I think you will be fine just using the solution above and can probably ignore this. However, for completeness, here is an answer to the global variable problem. My best guess is that you did something like this:

```
new;
cls;
fname = "mydata.csv";
// Create new global variables in your GAUSS workspace,
// named 'x1', 'x2', 'x10', 'x15', 'x79' and 'x80'
// from 'mydata.csv'.
loadvars(fname, "x1 + x2 + x10 + x15 + x79 + x80");
// Concatenate all column vectors into one matrix
x = x1 ~ x2 ~ x10 ~ x15 ~ x79 ~ x80;
/*
** Creates global column vectors.
**
** fname String, name of a data file (CSV,DAT,XLSX,SAS,STAT)
** which can be properly loaded by 'loadd'.
**
** vars Simple formula string which can only contain
** variable names and the '+' operator. i.e.
** "GDP + Inflation + Exports".
**
** No transformations are allowed.
**
*/
proc (0) = loadvars(fname, vars);
local x;
// Load specified variables as colmns of 'x'
x = loadd(fname, vars);
// Split the forumla string into
// a column vector, making splits at each '+'
// sign.
vars = strsplit(vars, "+");
// Trim any empty space from either side of
// the variable name
vars = strtrim(vars);
for i(1, cols(x), 1);
// Create each GLOBAL column vector
call varput(x[.,i], vars[i]);
endfor;
endp;
```

And you got an error message like this `Undefined symbol: 'x1'`

. If that is what happened, the reason is that GAUSS turns the compiles and checks the code for errors before it runs the code.

One of the errors it checks for is `undefined symbols`

. This is a very good thing for you because otherwise, you could have some code running for hours or days and then have it fail because you misspelled a variable name at the end of the code.
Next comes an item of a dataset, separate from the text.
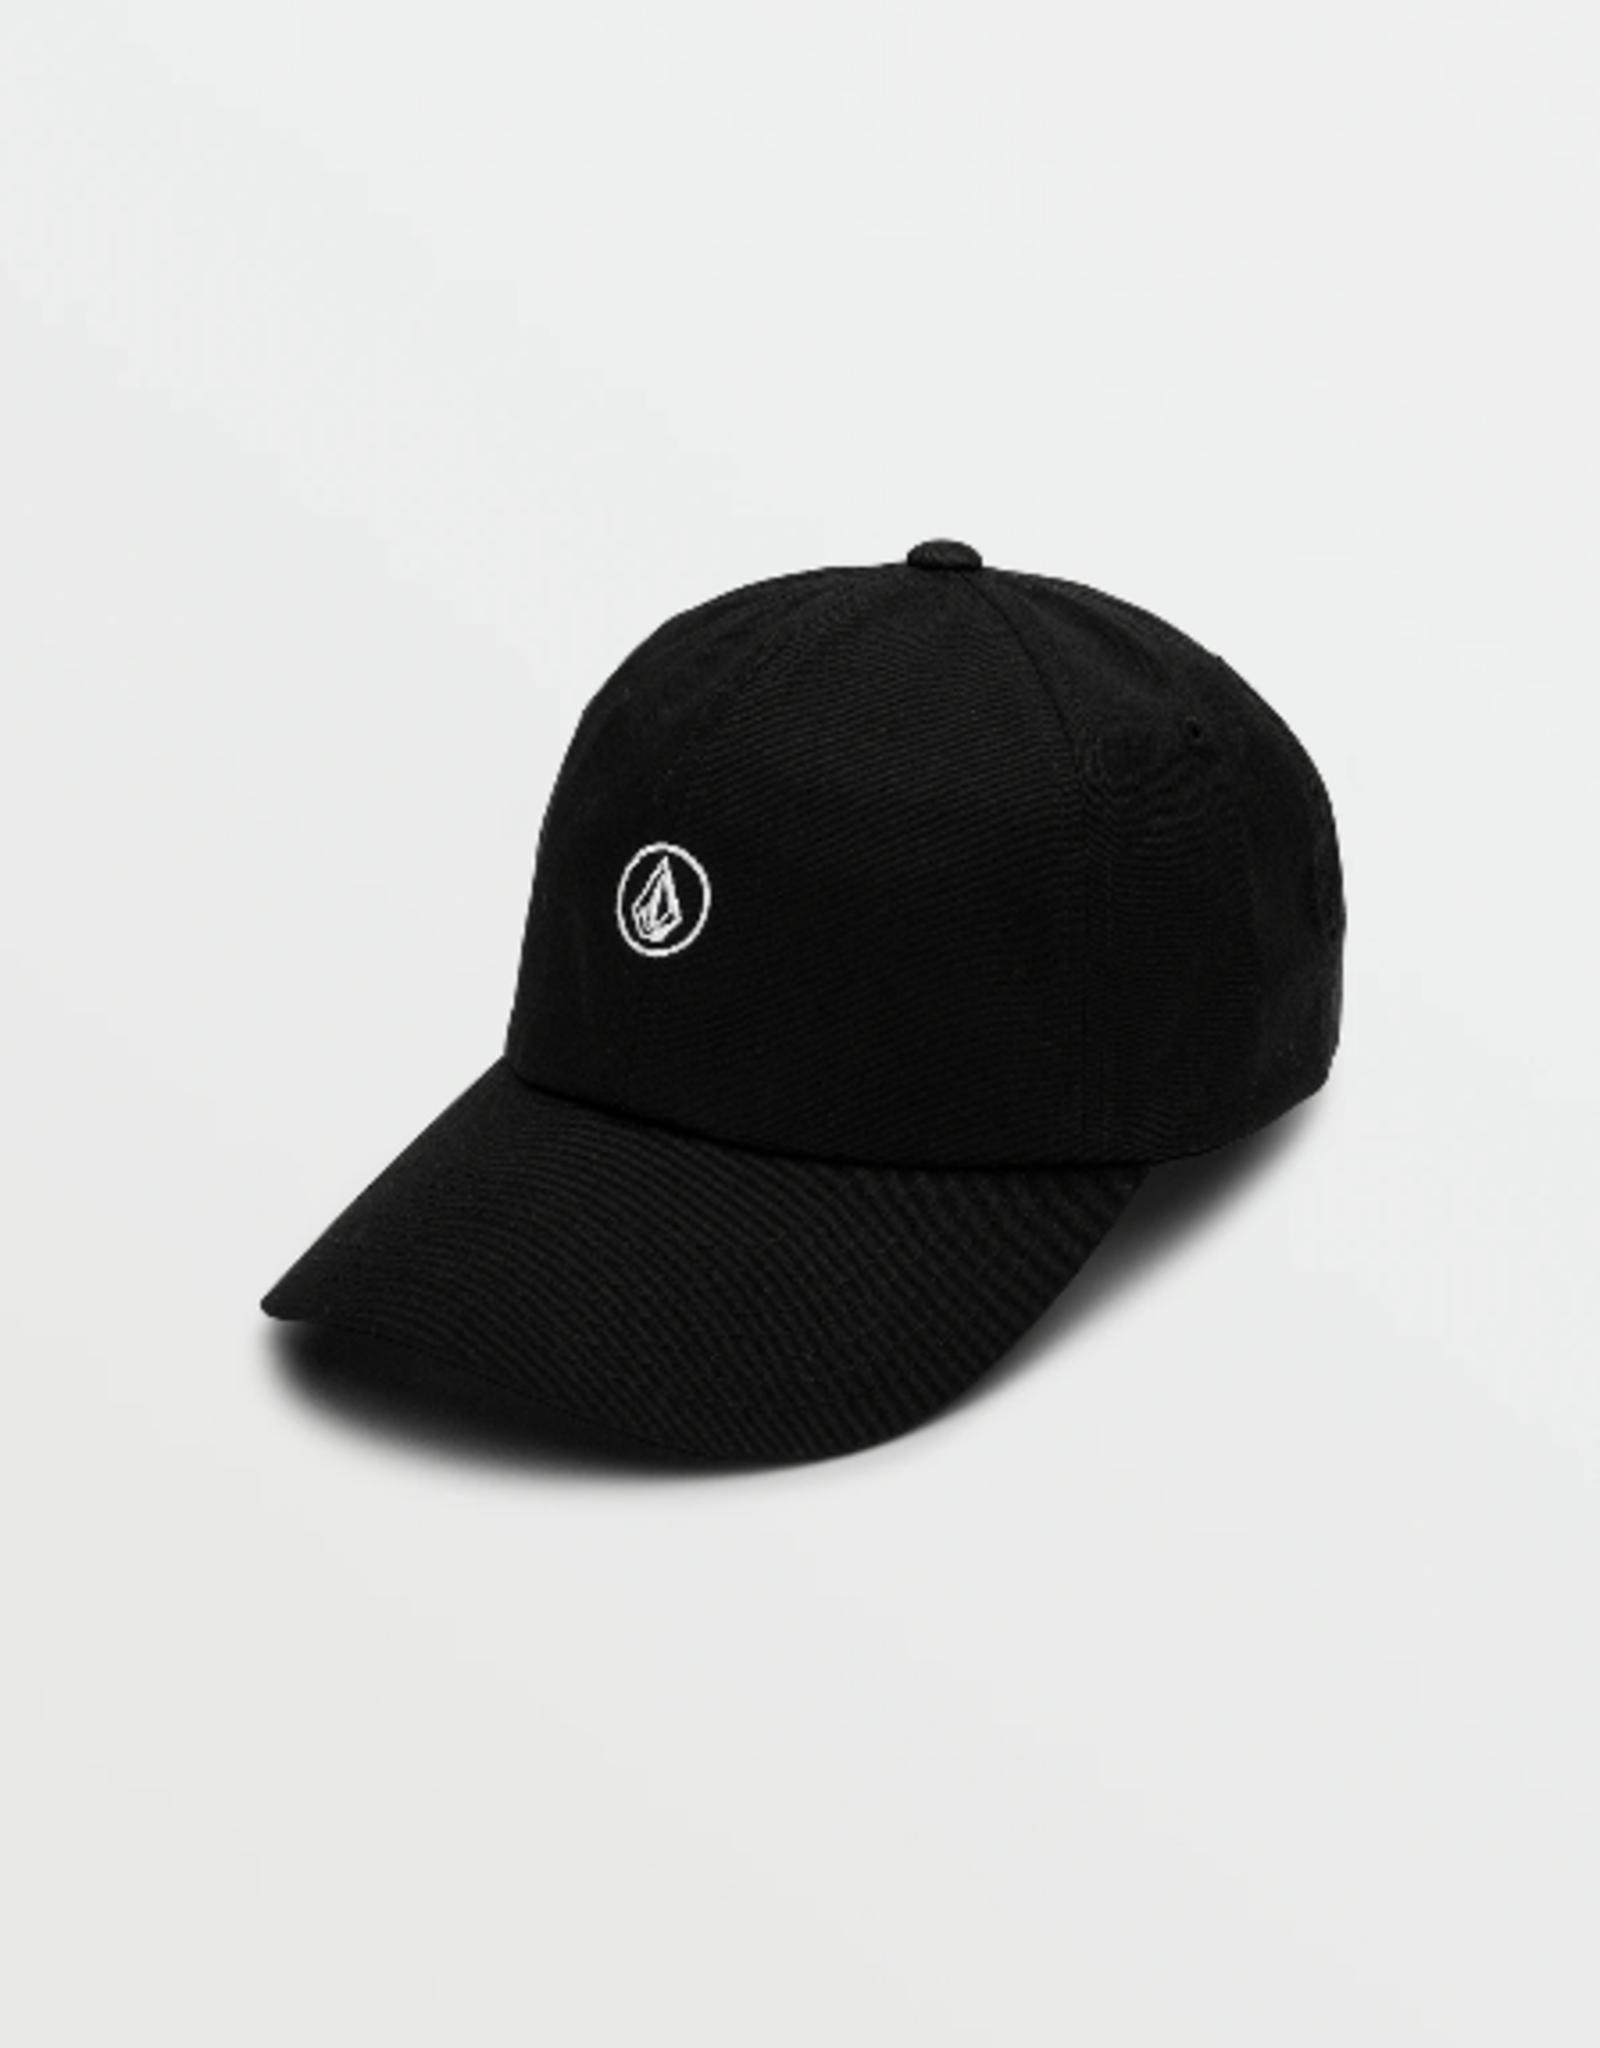 Volcom CIRCLE STONE DAD HAT BLACK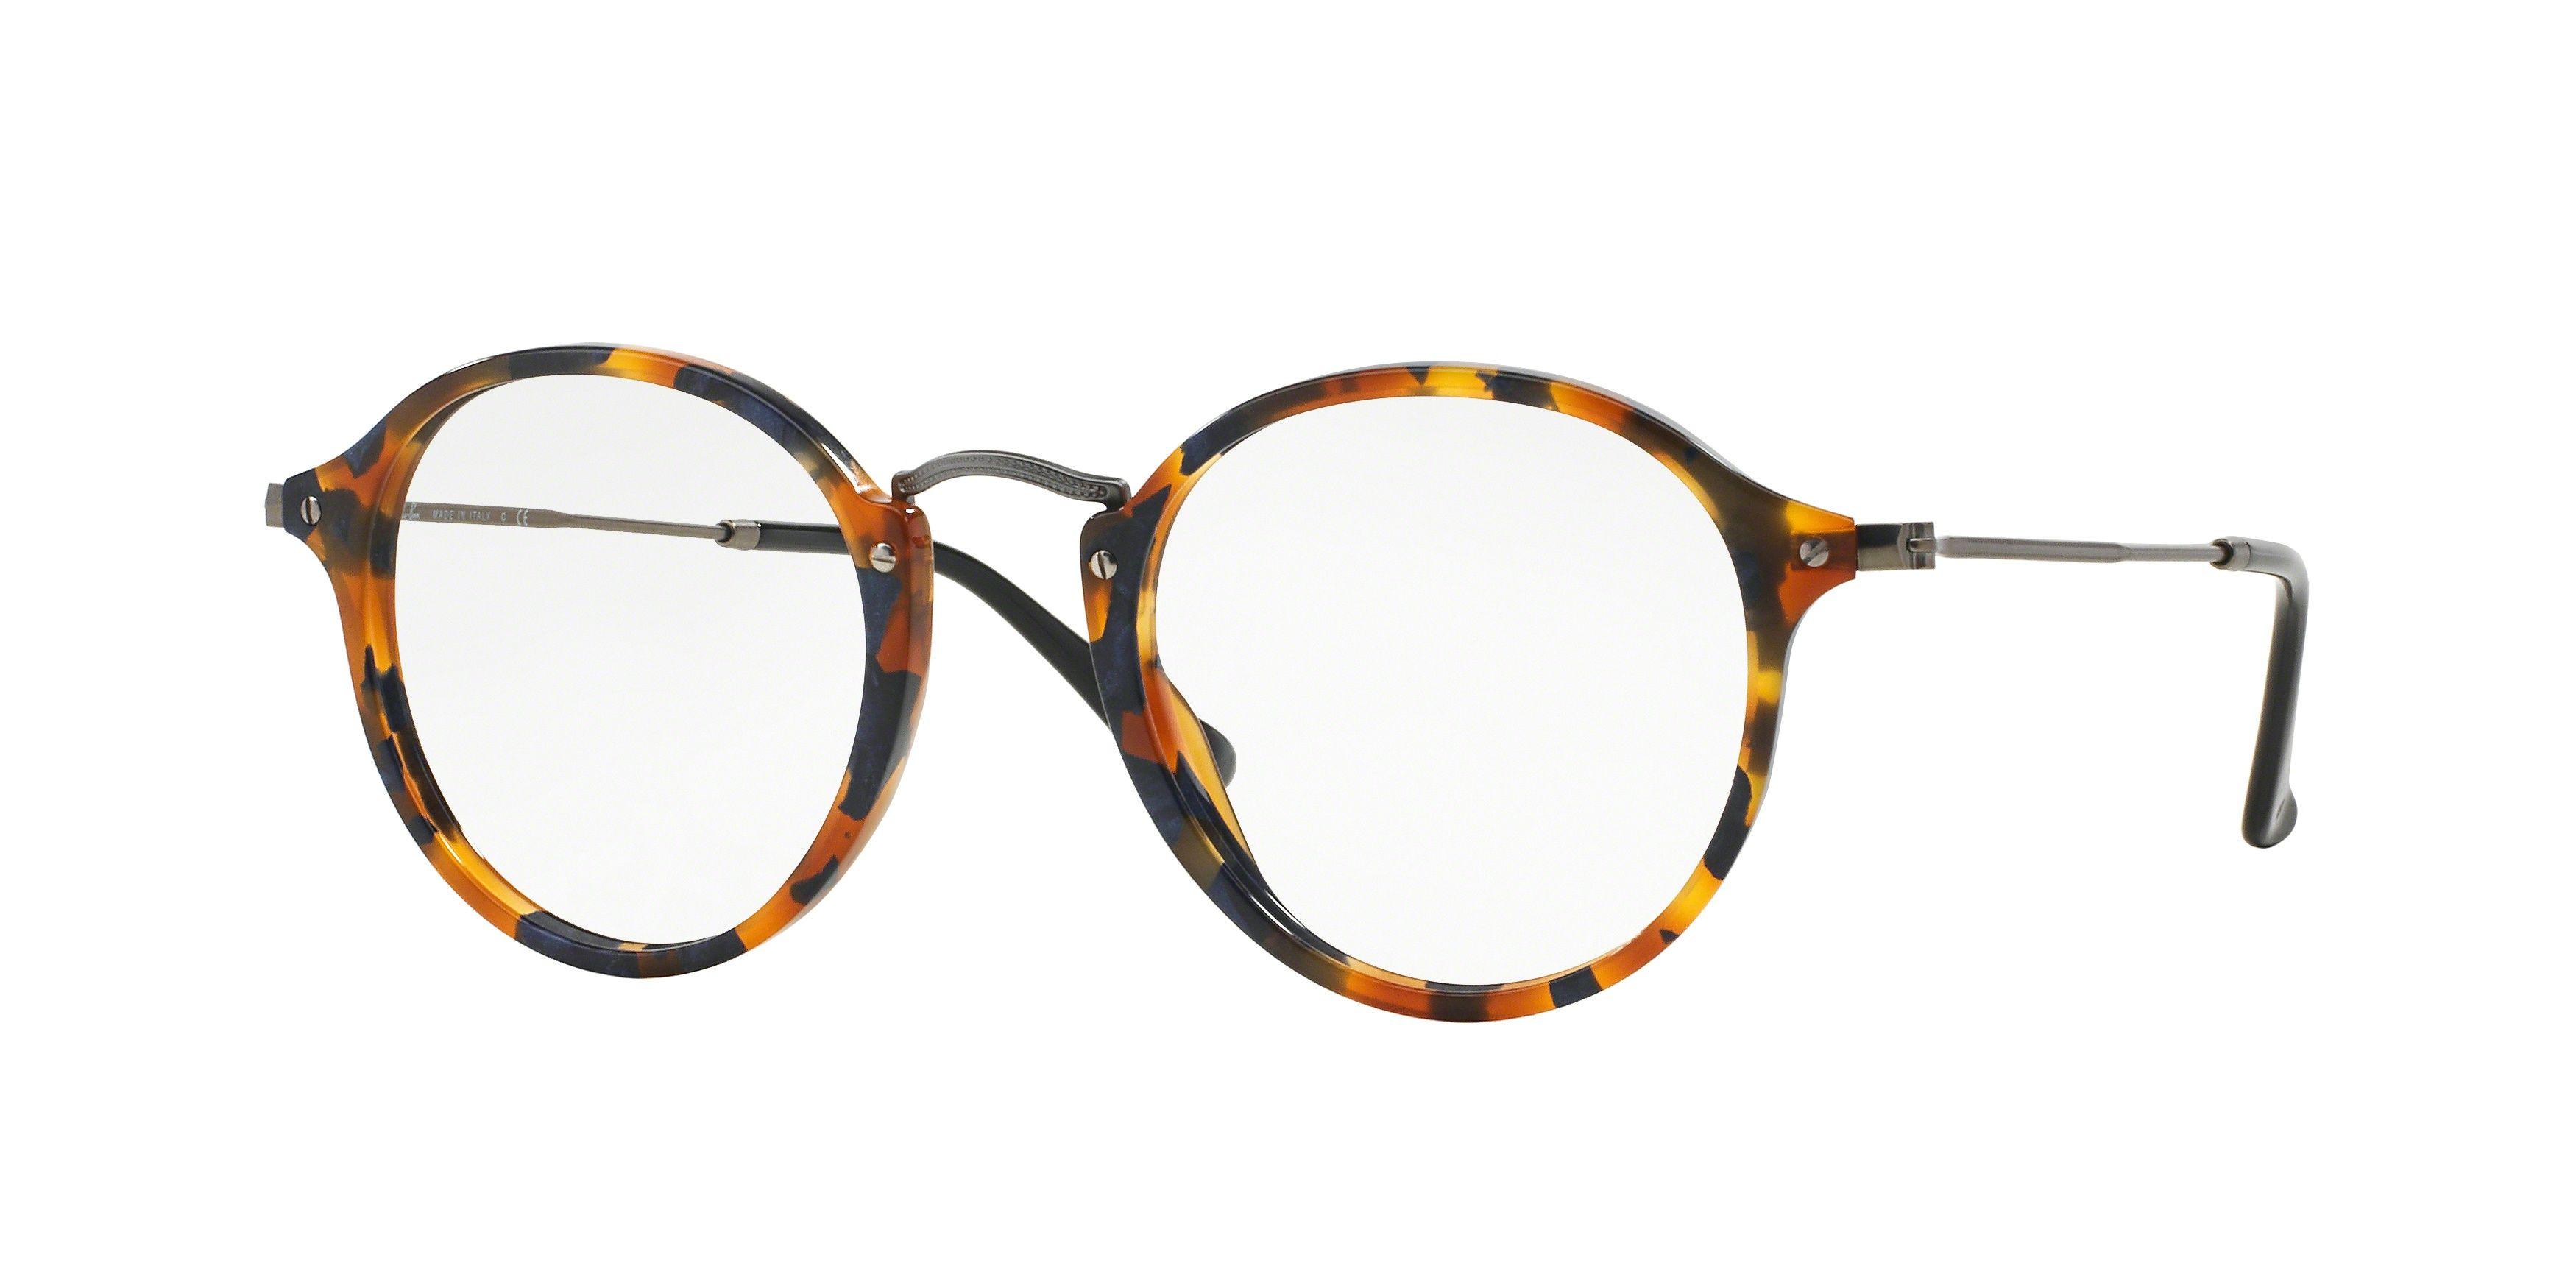 Afficher l image d origine   GLASSES   Pinterest   Eyeglasses ... 6dcb267ccce3

This can be resolved by either using `varindxi`

with the `open`

command when opening a GAUSS dataset or by using the `declare`

command.

The `declare`

command allows you to tell GAUSS that it may not see a particular variable, but you will create it during the program so GAUSS does not have to return an error. `declare`

can also set a default value, or assign a particular value if the variable has not otherwise been set.

`varindxi`

is a flag passed to the `open`

command when you open a GAUSS dataset. It tells GAUSS to create variables to index the columns of the dataset. These index variables will be `i`

and then your variable name. So if you loaded a matrix from a GAUSS dataset with three variables `GDP`

, `Inflation`

and `Exports`

, then after the load you would have three new scalar values as well `iGDP = 1`

, `iInflation = 2`

and `iExports = 3`

, because `GDP`

would be the first column of the loaded matrix.